Copy out exactly the lines beginning with the one that contains "SMILEY HEART SWEATER" and ending at the last line of the listing, skipping any pictures.

**Data excerpt**
--*--

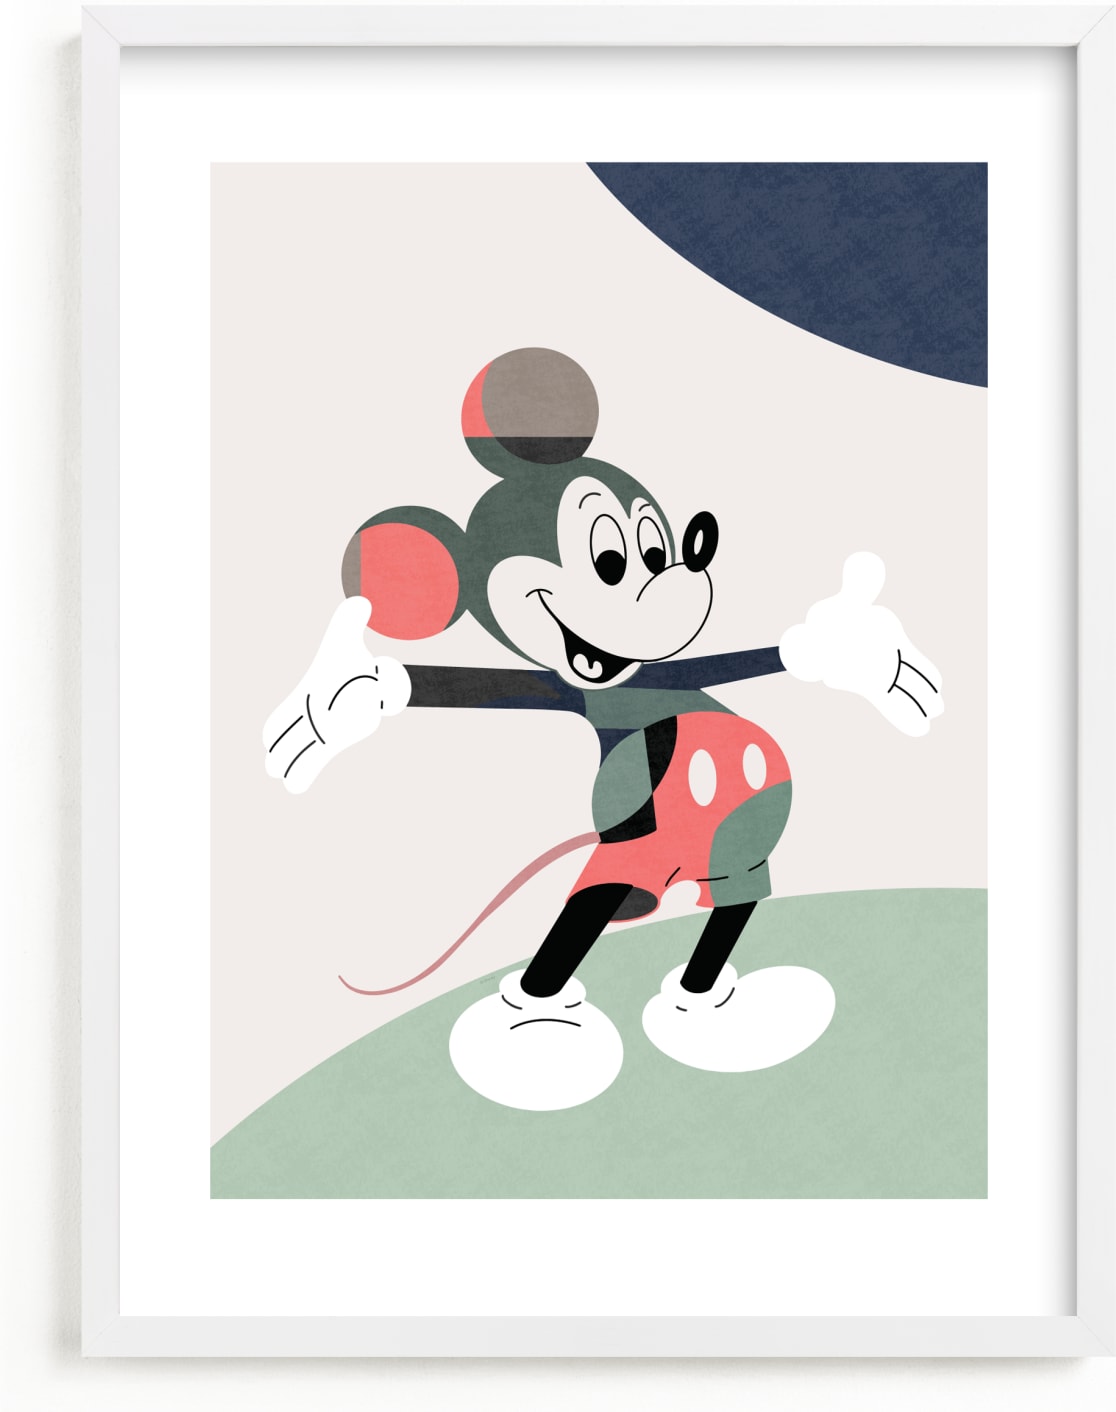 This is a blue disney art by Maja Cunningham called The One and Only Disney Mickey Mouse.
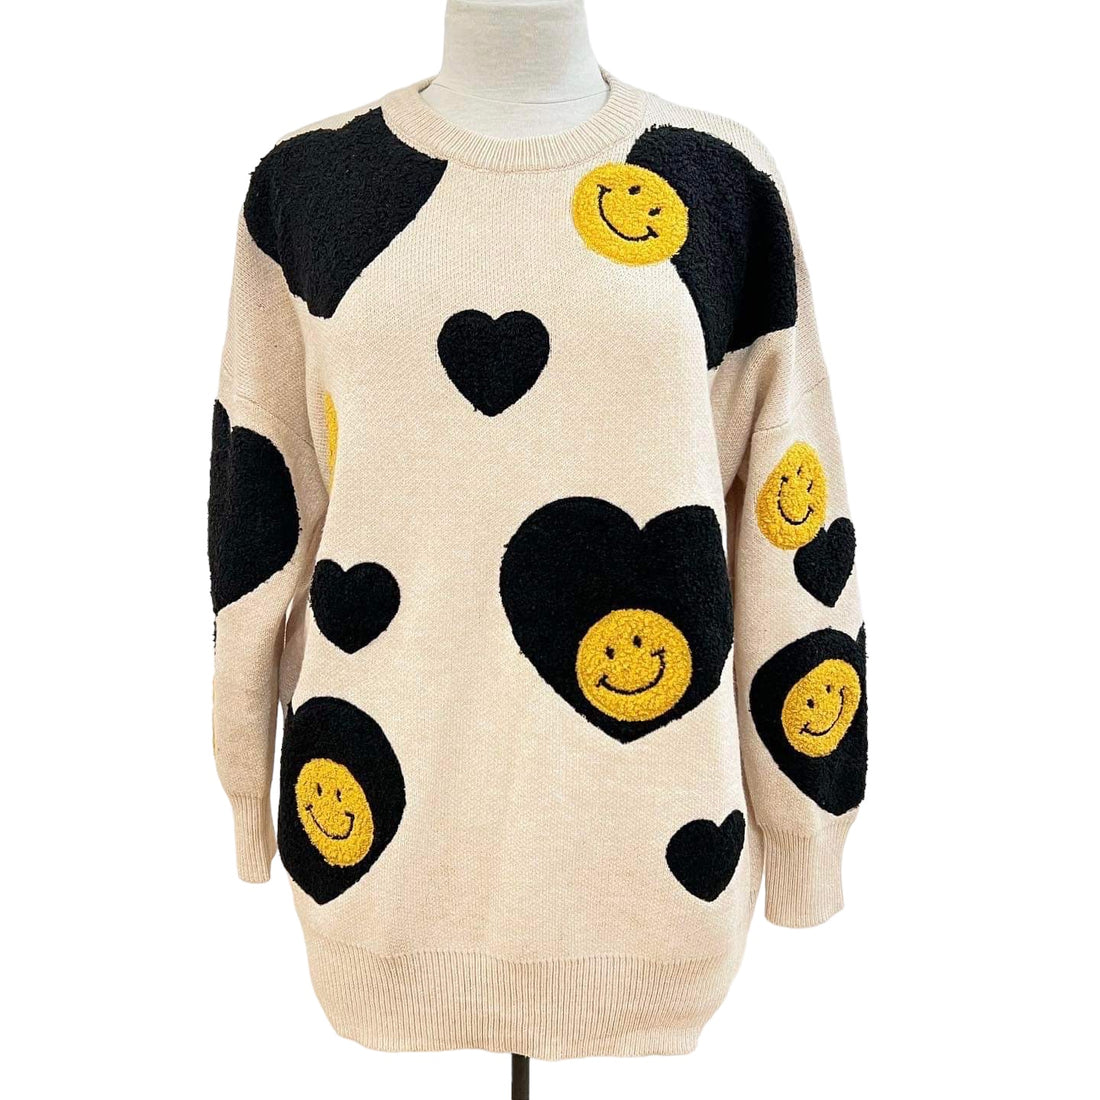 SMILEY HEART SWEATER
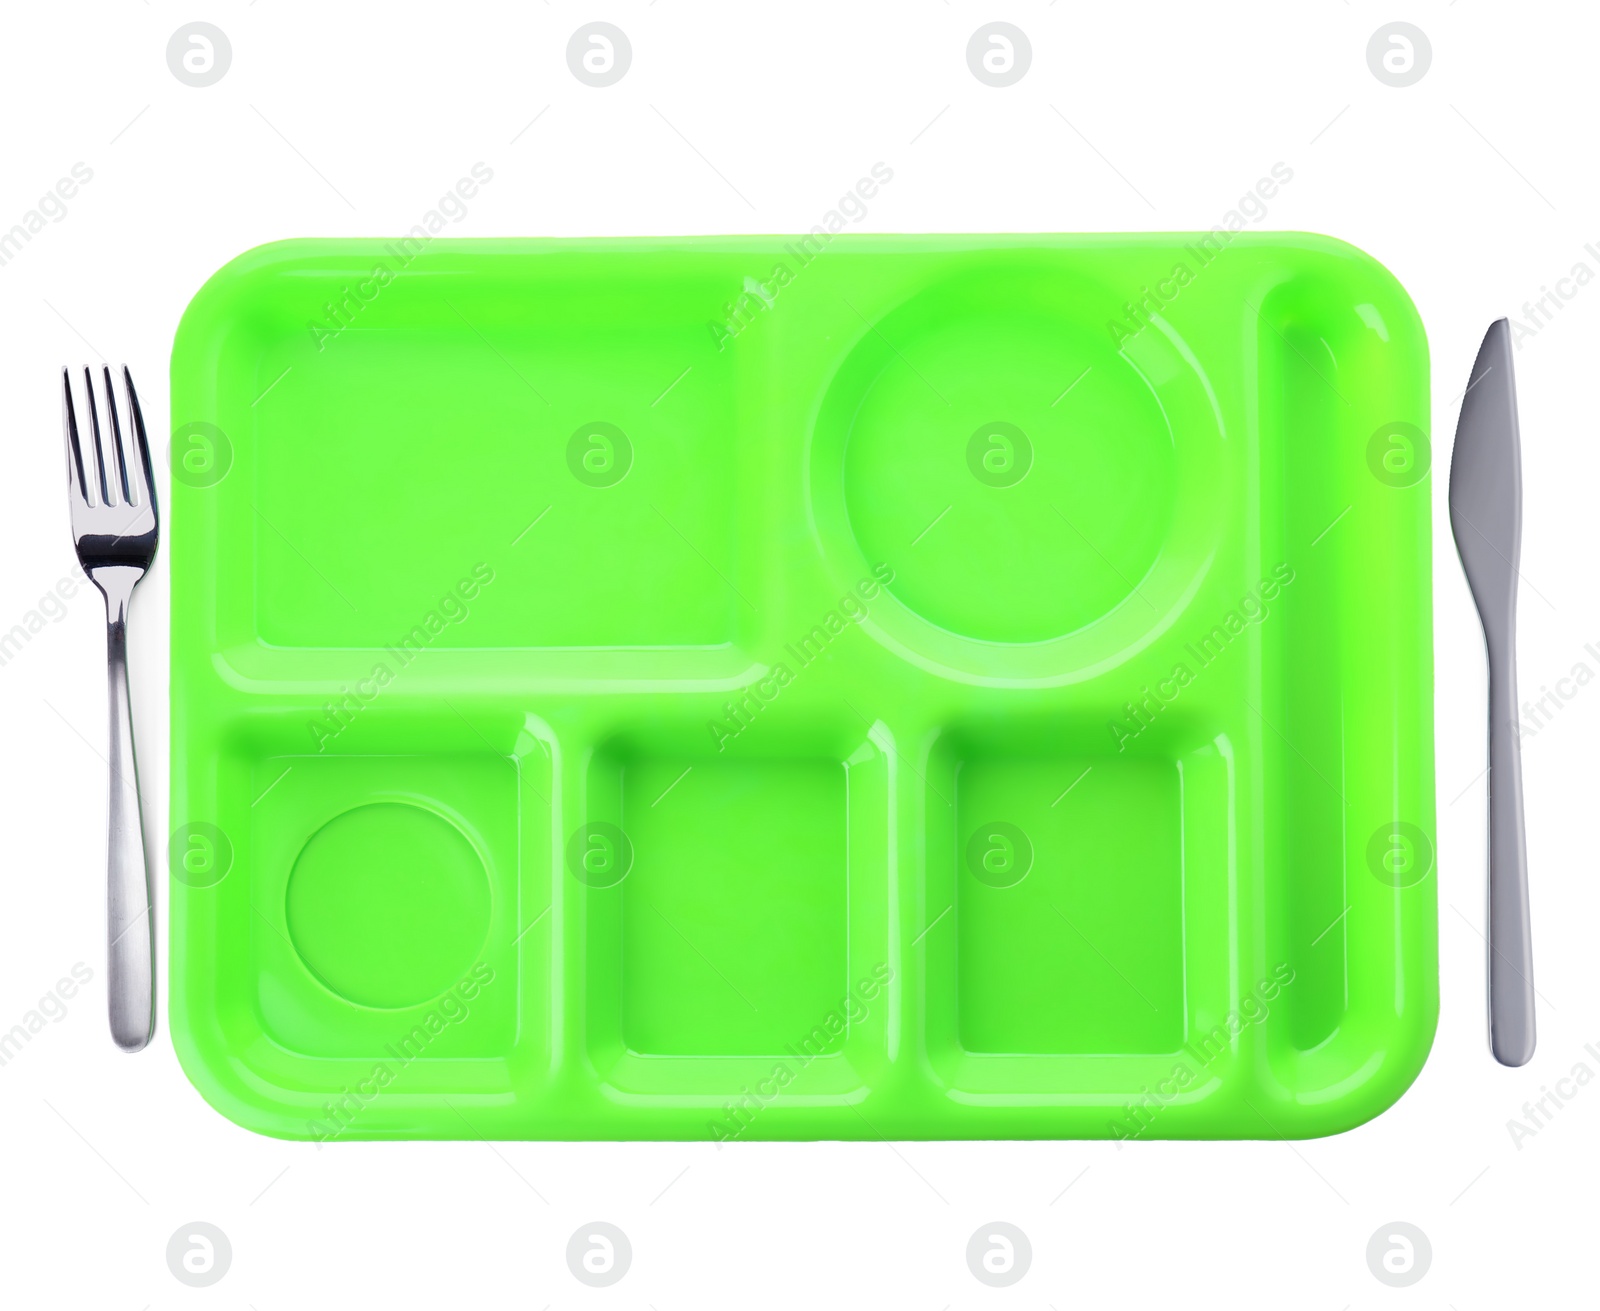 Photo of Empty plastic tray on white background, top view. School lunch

--*--

**Exercise answer**
 SMILEY HEART SWEATER
 Photo of Empty plastic tray on white background, top view. School lunch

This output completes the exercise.